One of the perennial debates among military historians and armchair generals revolves around Adolf Hitler's decision to directly control the disposition of the Panzer units in northern France in the period immediately preceding the Normandy landings.

The basic elements of the debate are well known. The question is, would a different deployment of the Panzer units have affected the outcome of D-Day? Specifically, had Hitler followed Field Marshal Erwin Rommel's plan to station the Panzer units forward along the coast, would the Germans have successfully repulsed the Allied landings in Normandy?

By the autumn of 1943, it was clear that the Allies were planning to invade Western Europe. The precise location, however, was still being debated. British Prime Minister Winston Churchill had suggested southern France or Greece as possible landing sites. The U.S. was urging a landing in northern France, as that would offer the shortest route to Nazi Germany and the Ruhr, its industrial heartland. Soviet dictator Joseph Stalin, anxious for a second front, concurred. Eventually, Churchill agreed to support a landing in northern France.

In October, Hitler transferred Rommel and the staff of Army Group B from northern Italy to France. Rommel was put in charge of strengthening the Atlantic Wall, a series of fortifications that ran from Norway to the Pyrenees. Initially, Army Group B (15th Army and 7th Army) reported directly to Hitler. In January 1944, however, it was placed under the command of Field Marshal Gerd von Rundstedt, who was Commander in Chief West. Rundstedt also had Army Group G (1st and 19th Army), which was responsible for the defense of France south of the Loire.

RELATED: A Bodyguard of Lies: How the Allies Deceived Germany about D-Day

All of the armored forces in the west, however, were separate from Rundstedt's command. They were organized into Panzer Group West, under the command of Gen. Leo Geyr von Schweppenburg, and reported directly to Hitler. Panzer Group West consisted of the 2nd, 21st, 116th, 1st SS, 12th SS, 17th SS, 2nd SS, 9th and 11th Panzer Divisions. In reality, von Schweppenburg also reported to von Rundstedt, but any operational deployment of the Panzer divisions had to be confirmed by Hitler himself.

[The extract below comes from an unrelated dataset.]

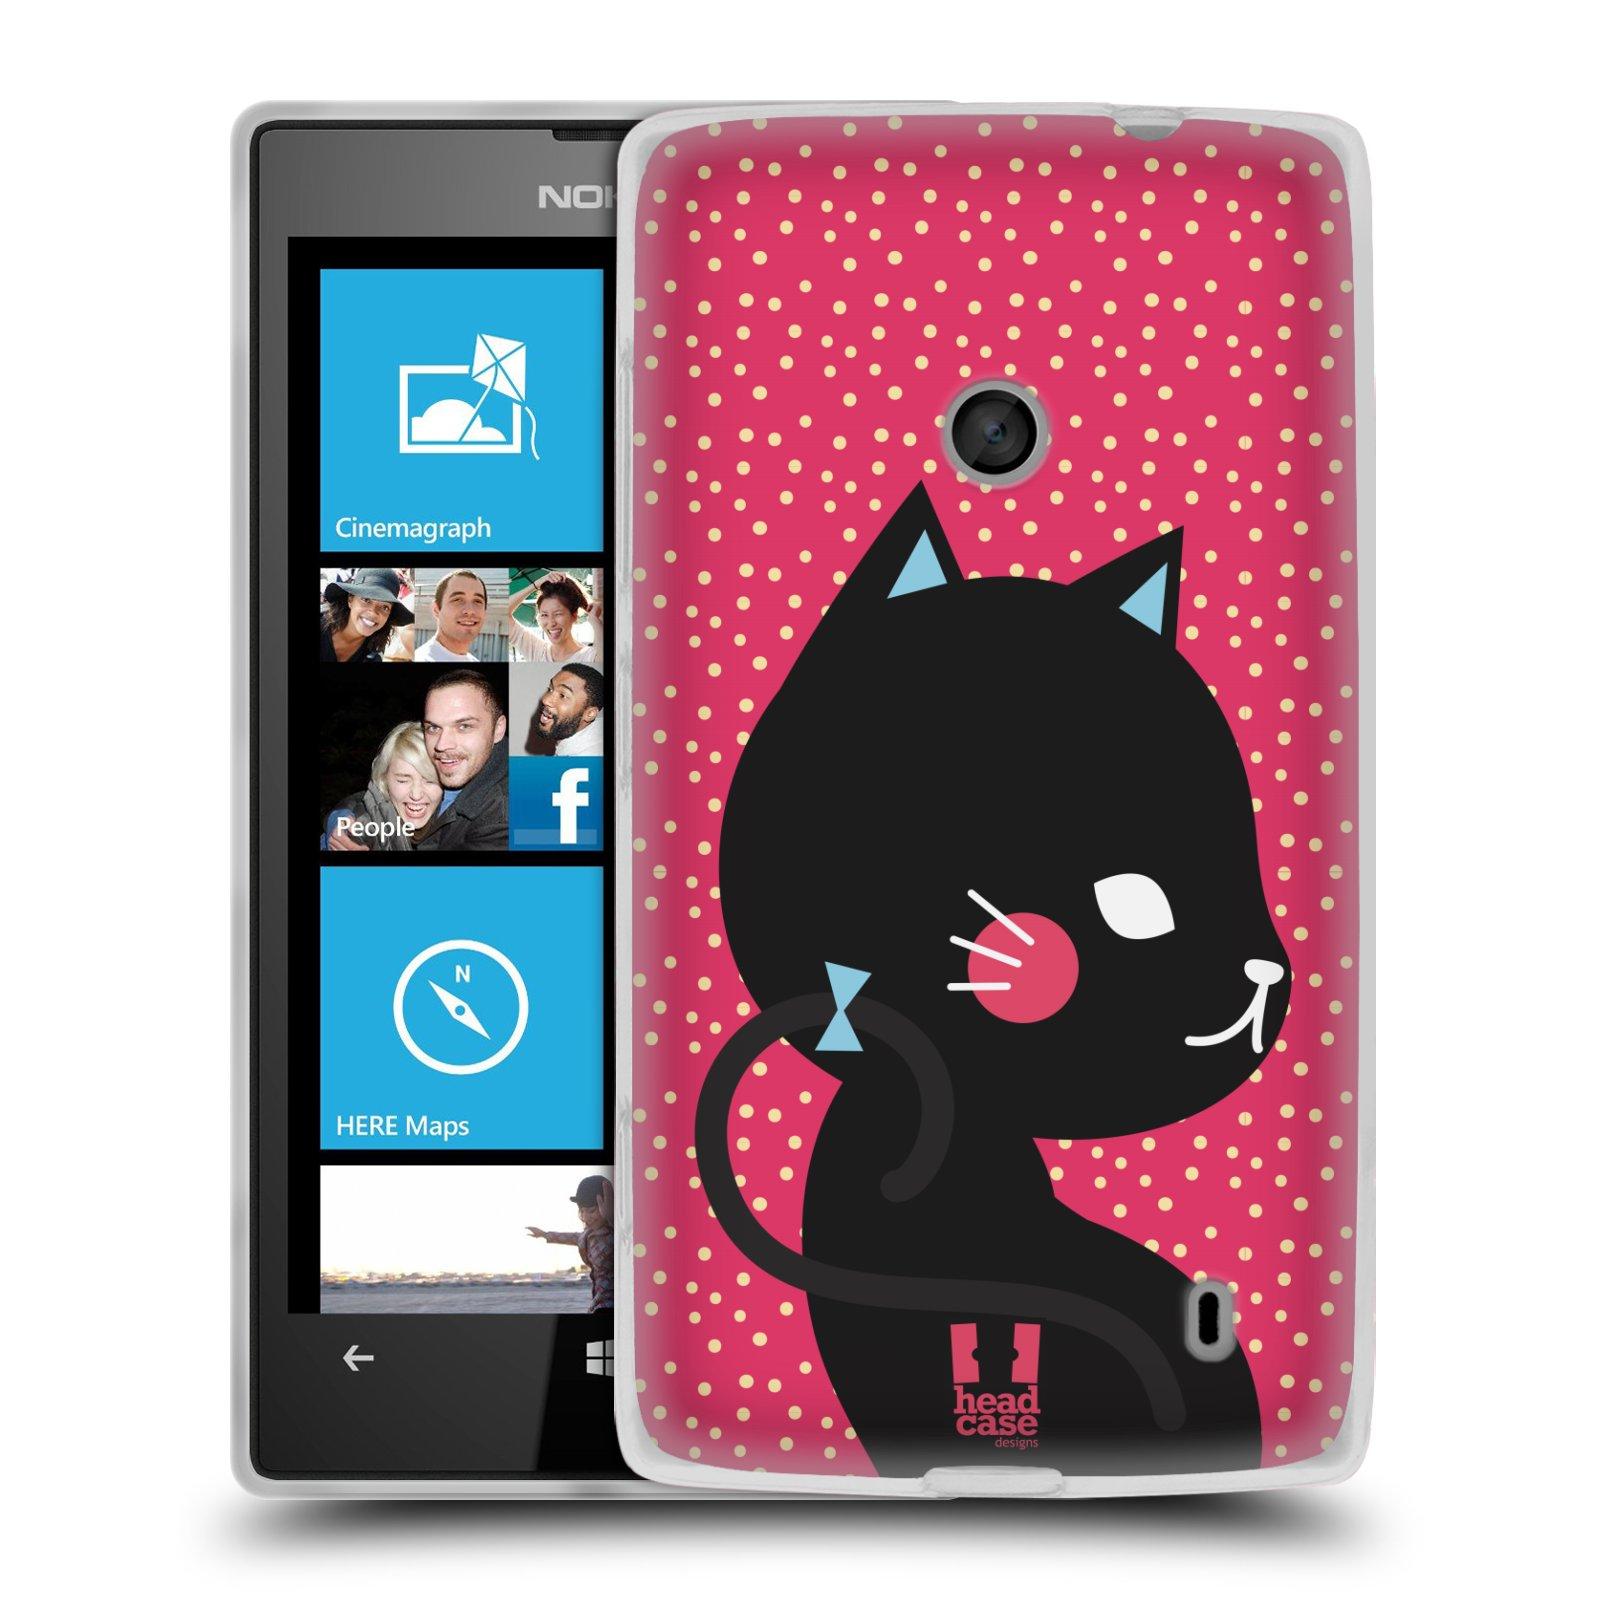 Silikonové pouzdro na mobil Nokia Lumia 520 HEAD CASE KOČIČKA ČERNÁ NA RŮŽOVÉ (Silikonový Kryt či obal na mobilní telefon Nokia Lumia 520)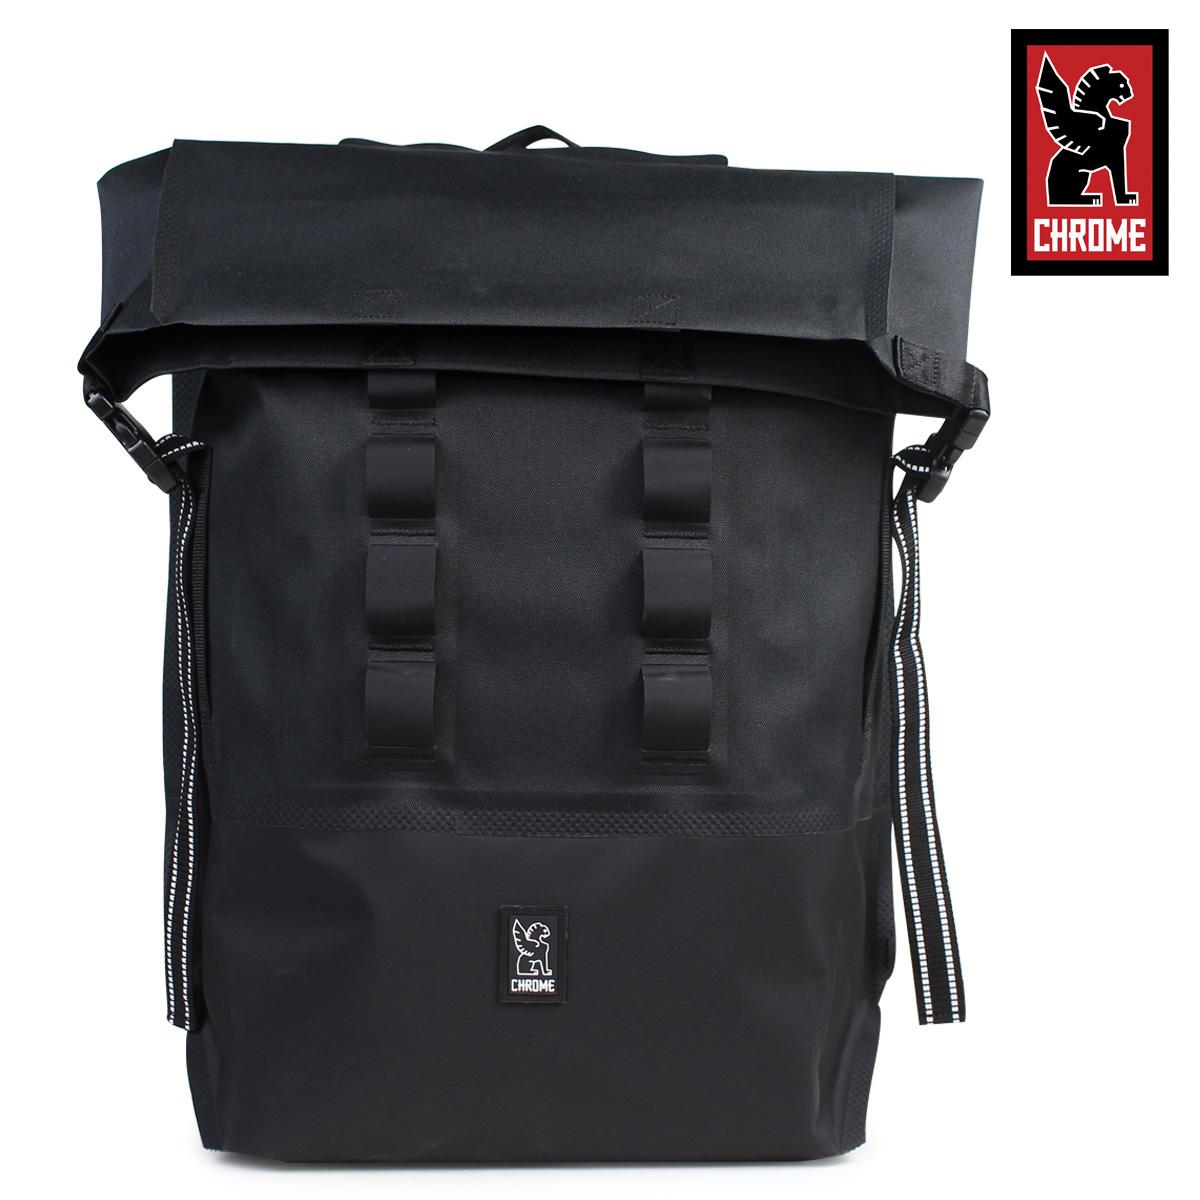 クローム リュック バッグ CHROME バックパック 28L メンズ レディース URBAN EX ROLLTOP BG-218 ブラック

Rommel believed that the Allied landings would come somewhere between Dunkirk and the mouth of the Somme River, with the most likely area being between Calais and Boulogne-sur-Mer. This area was well to the north of the Normandy beaches. Moreover, the Seine River separated this zone from Normandy.

The delta at the mouth of the Seine was large, and the entire length of the river from Rouen to Le Havre, at the river's mouth, was marshy. Moving vehicles between the two zones would often require backtracking some 50 miles inland and going through Rouen. Moreover, some of the bridges across the Seine could not handle the weight of the Panzers or their transport vehicles, further complicating the transfer of equipment between the two zones.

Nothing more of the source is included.